Before each practice session a 5-item questionnaire was administered to document any side effects (e.g., muscle soreness, headache) experienced after the previous session.

Our primary dependent measure is auricular movement. The maximum auricular movement without feedback was recorded before and after each training session during both phases of training (i.e., facilitation and skill acquisition) to capture learning. Specific instructions for these test sessions are to “move your ear upward and backward as far as you can and hold it for 10 seconds”.

Technology and equipment

Phase 1: facilitation

The electrical stimulator was produced by FastStart VQOrtho (Irvine, CA) and is an FDA approved neuromuscular electrical stimulator. The stimulator has two independent channels for which independent stimulation levels can be set for each channel, leading to sensory level stimulation or neuromuscular level stimulation (i.e., motor level). Standard, commercially available small self-sticking electrodes (1 cm diameter, self-adhering stimulation electrodes) were placed directly on the skin over the superior and posterior auricular muscles of each ear before each training session.

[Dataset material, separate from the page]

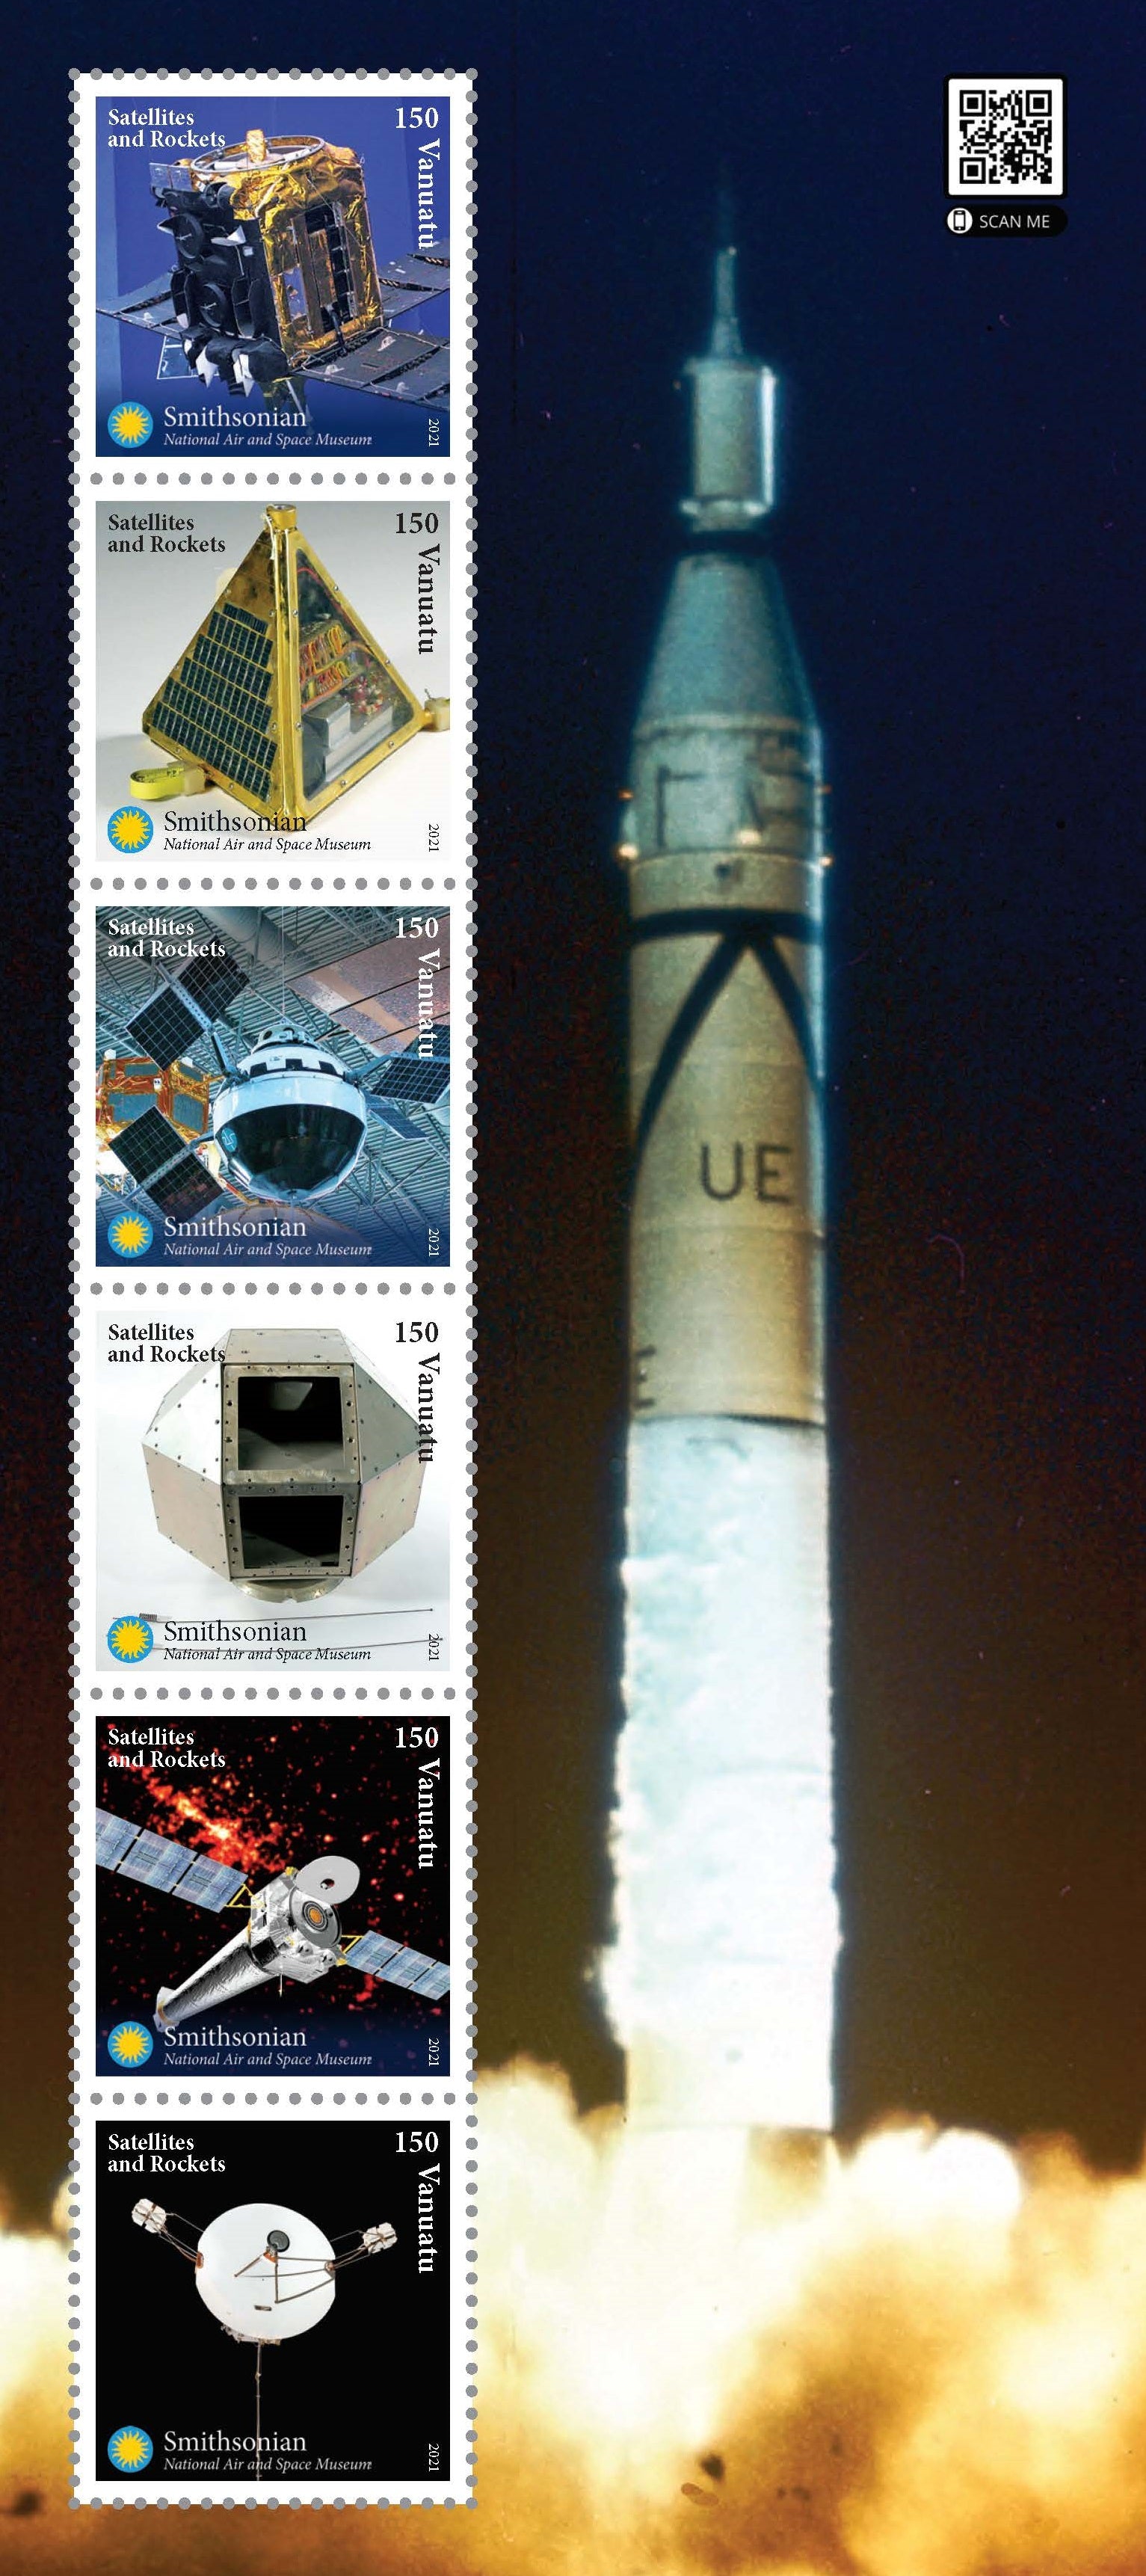 Unit 2 - Satellites and Rockets

The movement feedback was provided through the MotionMonitor® by Innovative Sports Training, Inc. version 9.22 (2015). Three sensors were placed at three locations: one on the right ear helix, one on the left ear helix, and one between the eyebrows (Fig. 2, insert). The position of the ear helix was collected through an electromagnetic marker at a sampling rate of 120 Hz throughout each testing session and provided as visual feedback on the computer screen (Fig. 2b).

Fig. 2
figure 2

a The FastStart electrical stimulator held by the participant and the surface electrodes used for the facilitation phase. Electrodes were positioned on the muscle belly of the superior (not seen) and posterior peri-auricular muscles (see Insert). The insert view also shows the ear movement electrode positioned on the auricle helix that was used for motion feedback. b A participant attempting to activate PAMs during NMES. The computer screen with motion feedback is in front and the mirror is positioned to the left

Phase 2: skill acquisition

Surface electromyography (sEMG) was recorded through the Biosemi Active two EMG measurement system (BATS) (BioSemi B.V., 1054SC Amsterdam, Netherlands). The head-mount device provided an array of 4 electrode contacts within each identified muscle group (superior and posterior auricular muscle, bilaterally) (Fig. 3a). Previous device testing confirmed minimal cross talk between the four channels. The electrodes worked through gold plated pins used as dry contacts on the skin surface. Figure 3a shows the head-mount device integrated onto a pair of eyeglass frames for stabilization. Figure 3b shows a participant using the head-mount sEMG acquisition system for game play.

Fig. 3
figure 3

a the headset system contains the multi-channel non-invasive sEMG measurement system. sEMG electrodes mounted on the headset were placed on the skin around the ears over the superior and posterior peri-auricular muscles and recorded the signal using application-specific software. b Shows the participant with headset seated in front of the computer playing a game during a Phase II training session

Software was used to transform the complex coordination patterns from the four targeted peri-auricular muscles to enable control during the three computer games. The algorithm that translated sEMG to cursor control identified an “activation” in a muscle when the Root-mean-square (RMS) EMG voltage exceeded a threshold. The EMG signals were sampled at 540hz and High-pass filtered above 10hz. Recordings were taken from 8 unipolar EMG channels, paired at each of the four muscles and differentially calculated in software, ultimately providing 4 channels of output. The RMS was measured in each channel continuously over the previous 0.2 s. Activations were calculated according to ‘off’ or ‘on’ state. While a simple threshold value to determine ‘on’ state is attractive, variability in baseline noise strength and magnitude of activation strength preclude this possibility, and the threshold needed to be calculated dynamically. Thus, every 15 s, a Gaussian mixture distribution was calculated for up to 120 s of the preceding data with an assumption of two clusters (‘off’ and ‘on’ states). The current activation is then measured according to the prior probability of its corresponding to the active cluster, with a threshold of 0.9 yielding an ‘on’ state.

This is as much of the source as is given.